SUPPLIED MATERIAL: Begin
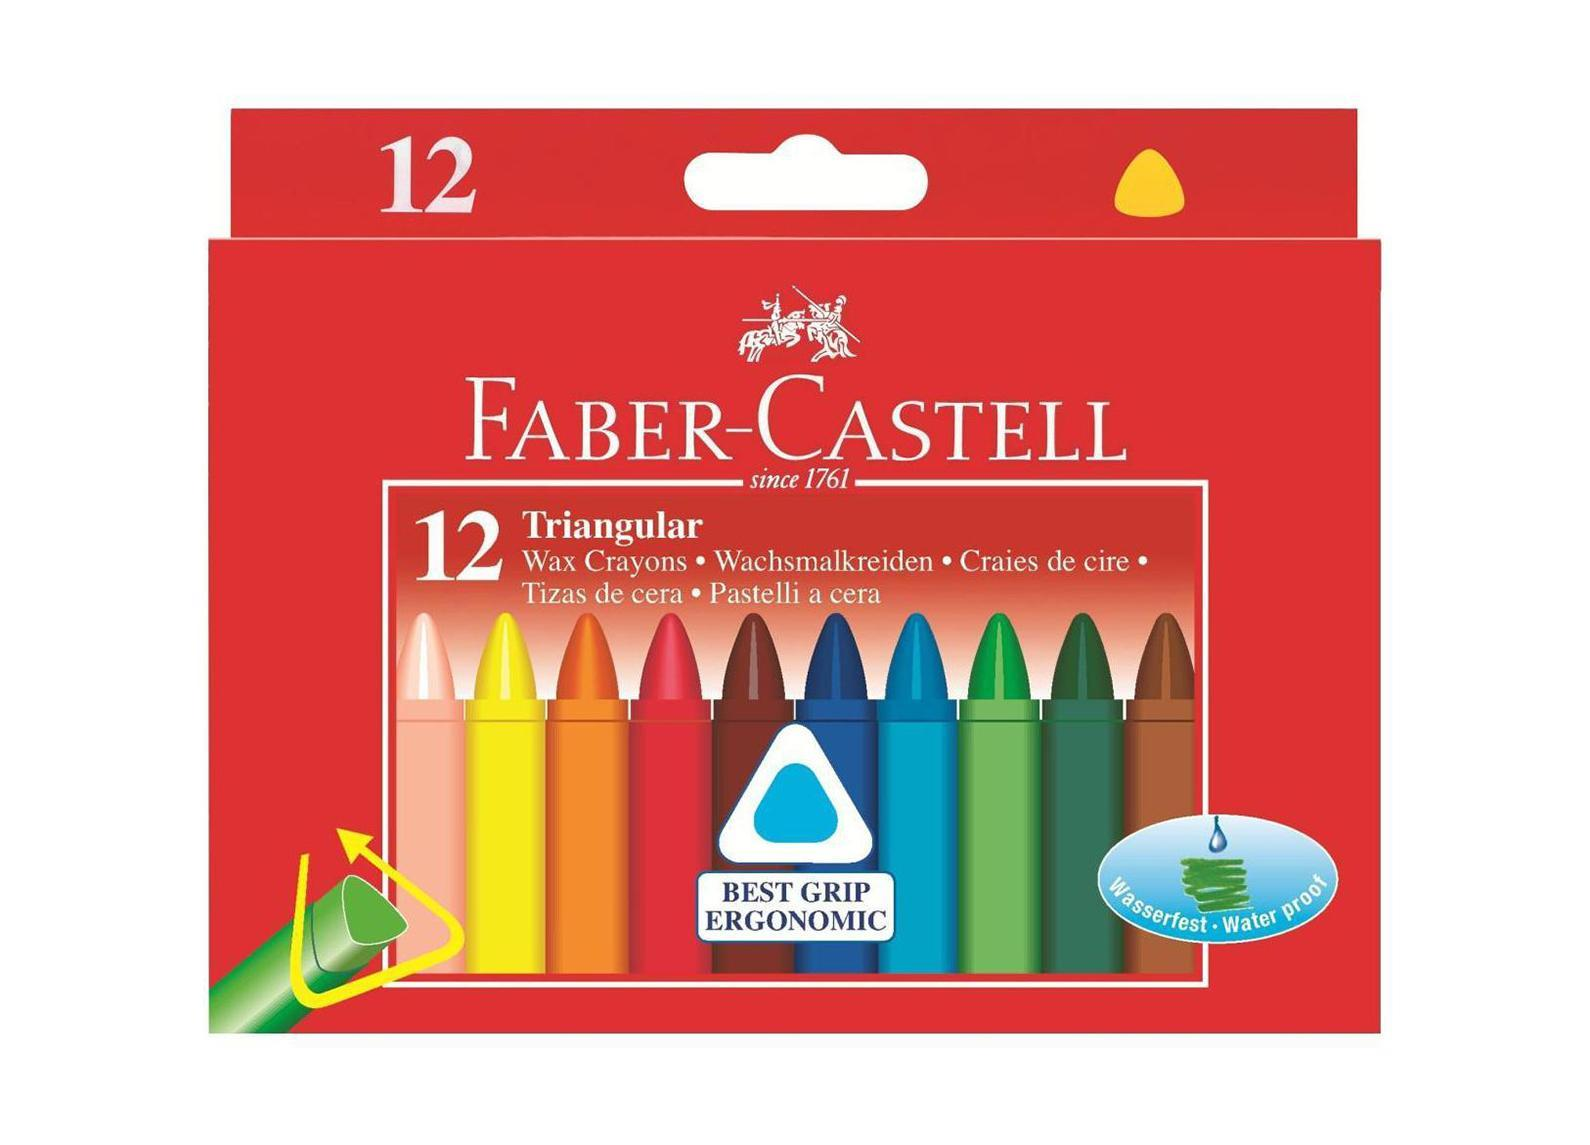 Трехгранные восковые карандаши TRIANGULAR, набор цветов, в картонной коробке, 12 шт.120010Faber Castell Triangular 120010 - это качественные цветные карандаши от известного немецкого производителя. Они оставляют на бумаге яркие и насыщенные цвета. Карандаши изготовлены из качественных и безопасных материалов. Вид карандаша: цветной.
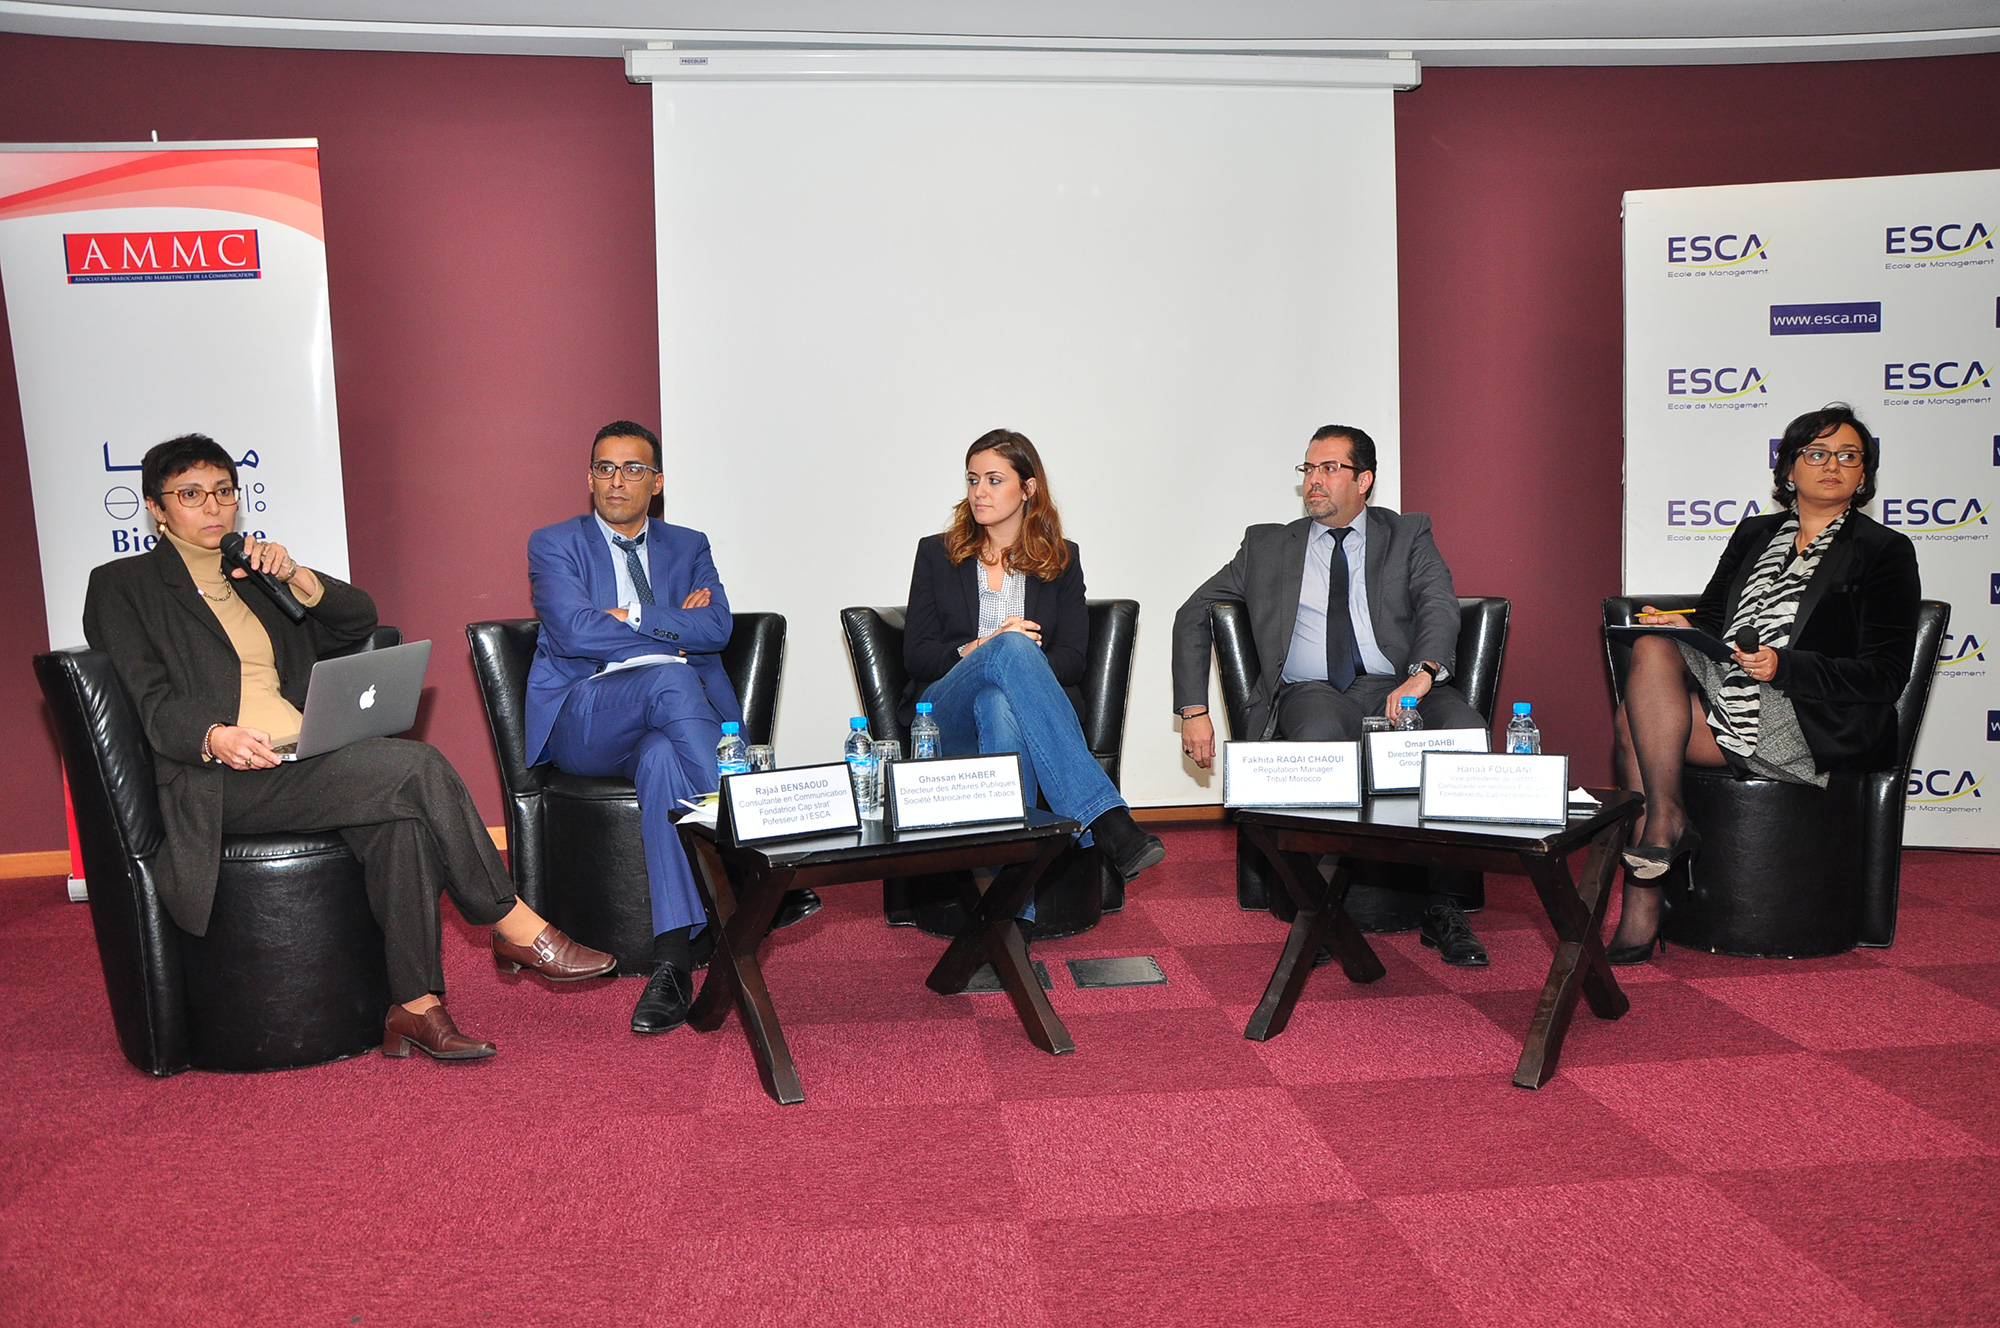 Les Rencontres AMMC: Les relations publiques rattrapées par le digital
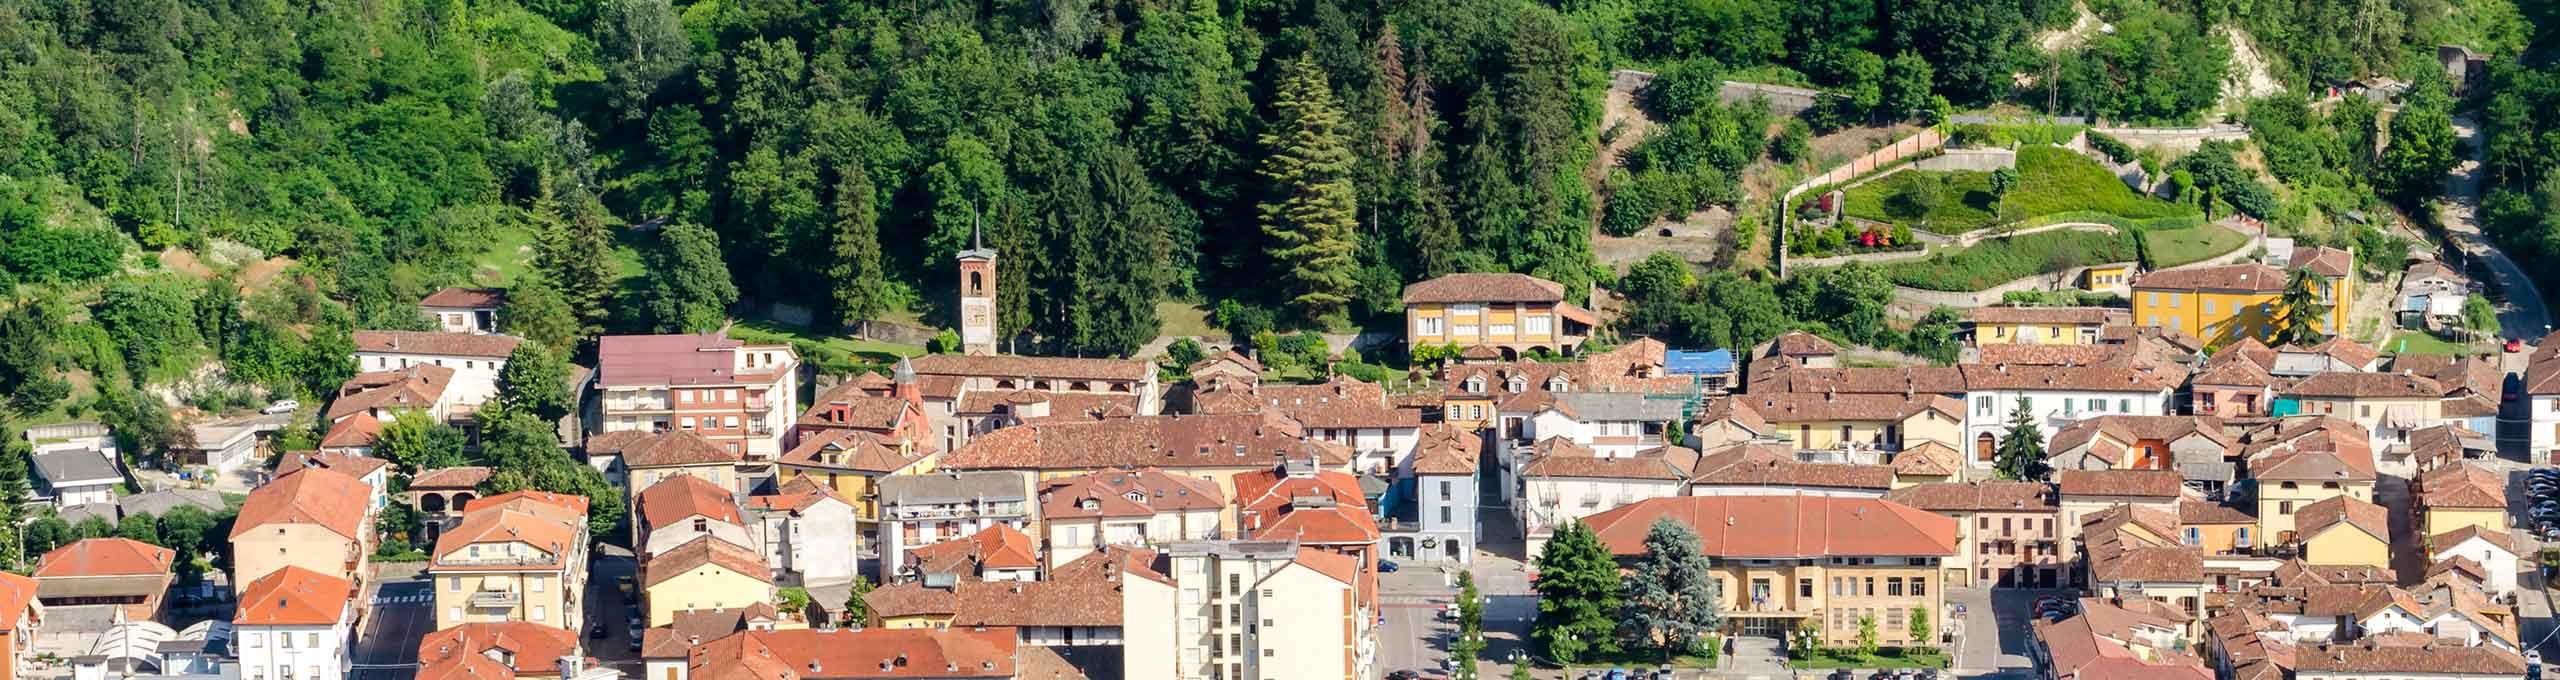 Santo Stefano Belbo, zona bassa delle Langhe
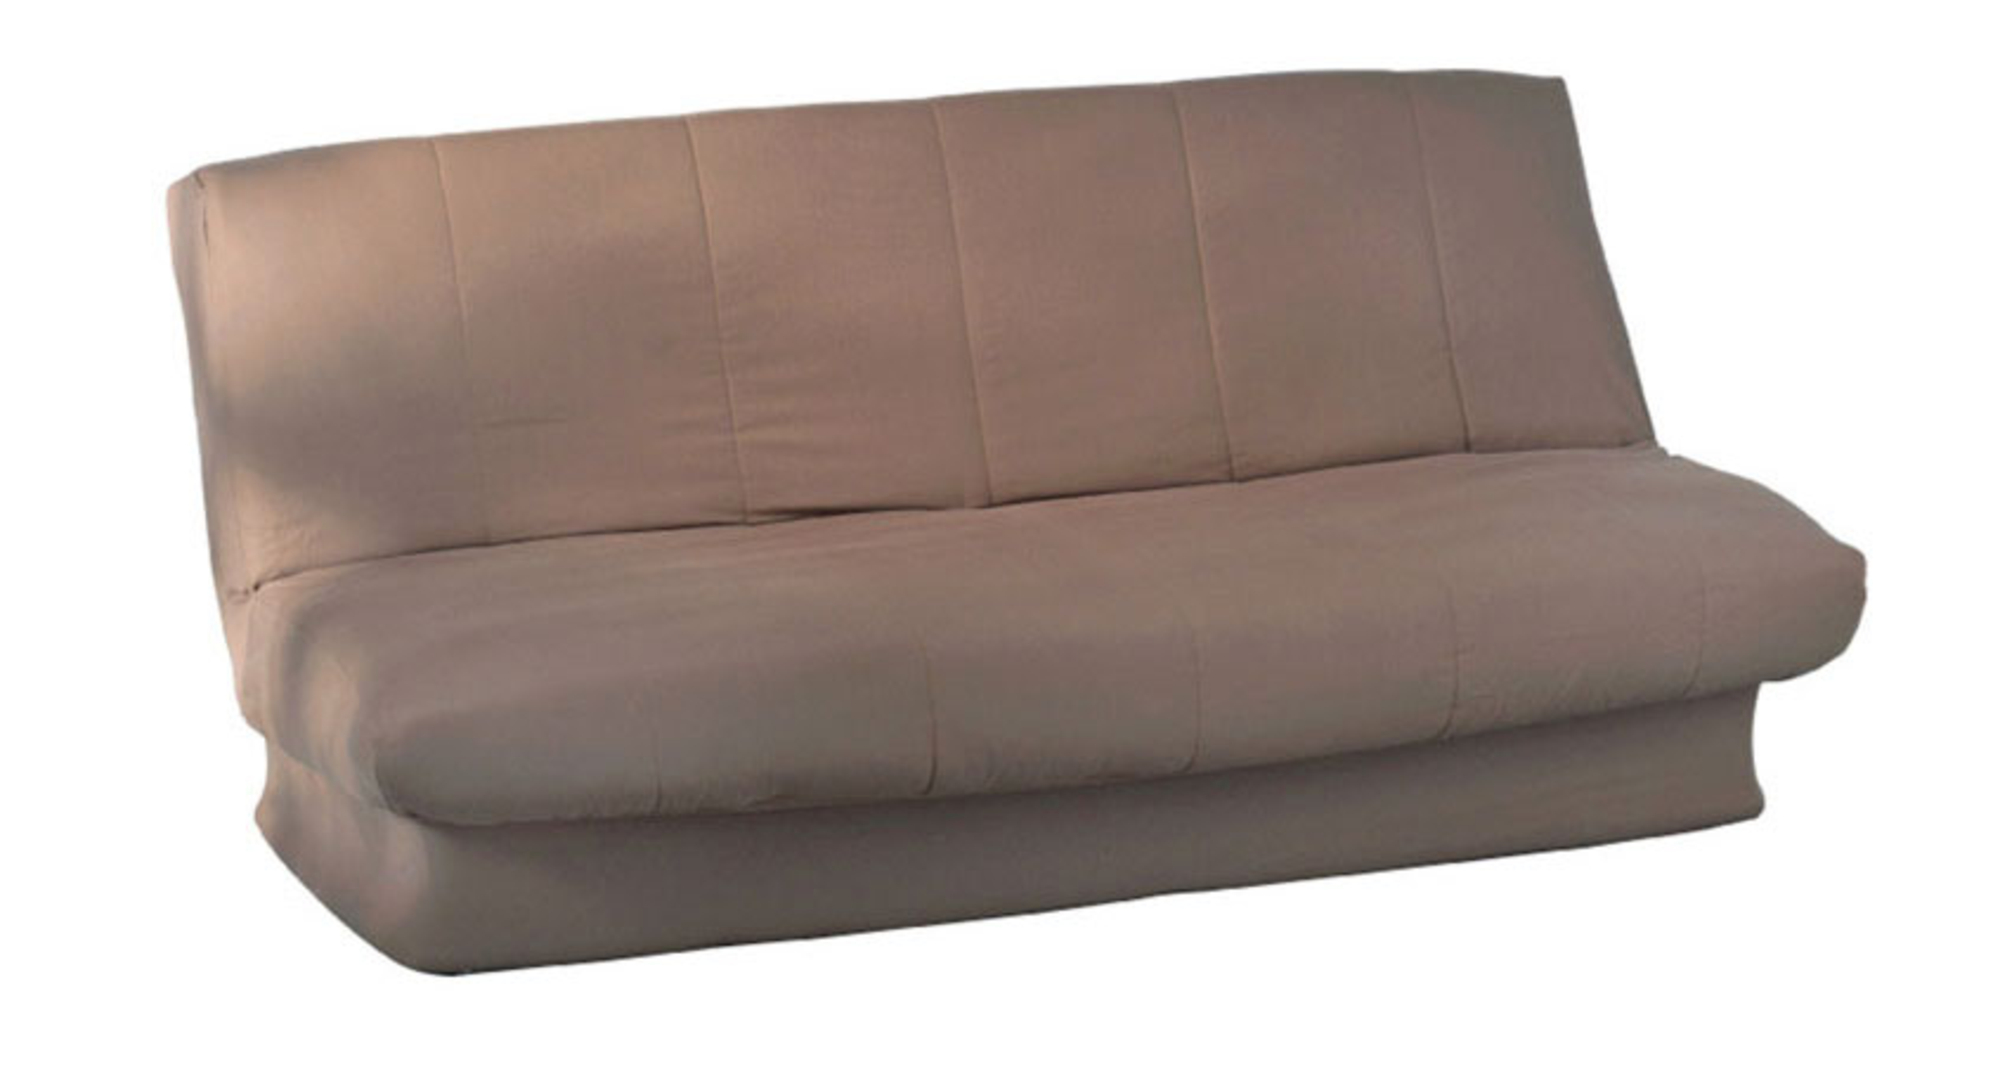 housse clic clac matelassee conceptions de maison. Black Bedroom Furniture Sets. Home Design Ideas
SUPPLIED MATERIAL: End
Write out the data above in full and exactly, but not the pictures.

SOLUTION TO THE PROBLEM =
 Трехгранные восковые карандаши TRIANGULAR, набор цветов, в картонной коробке, 12 шт.120010Faber Castell Triangular 120010 - это качественные цветные карандаши от известного немецкого производителя. Они оставляют на бумаге яркие и насыщенные цвета. Карандаши изготовлены из качественных и безопасных материалов. Вид карандаша: цветной.
 Les Rencontres AMMC: Les relations publiques rattrapées par le digital
 Santo Stefano Belbo, zona bassa delle Langhe
 housse clic clac matelassee conceptions de maison. Black Bedroom Furniture Sets. Home Design Ideas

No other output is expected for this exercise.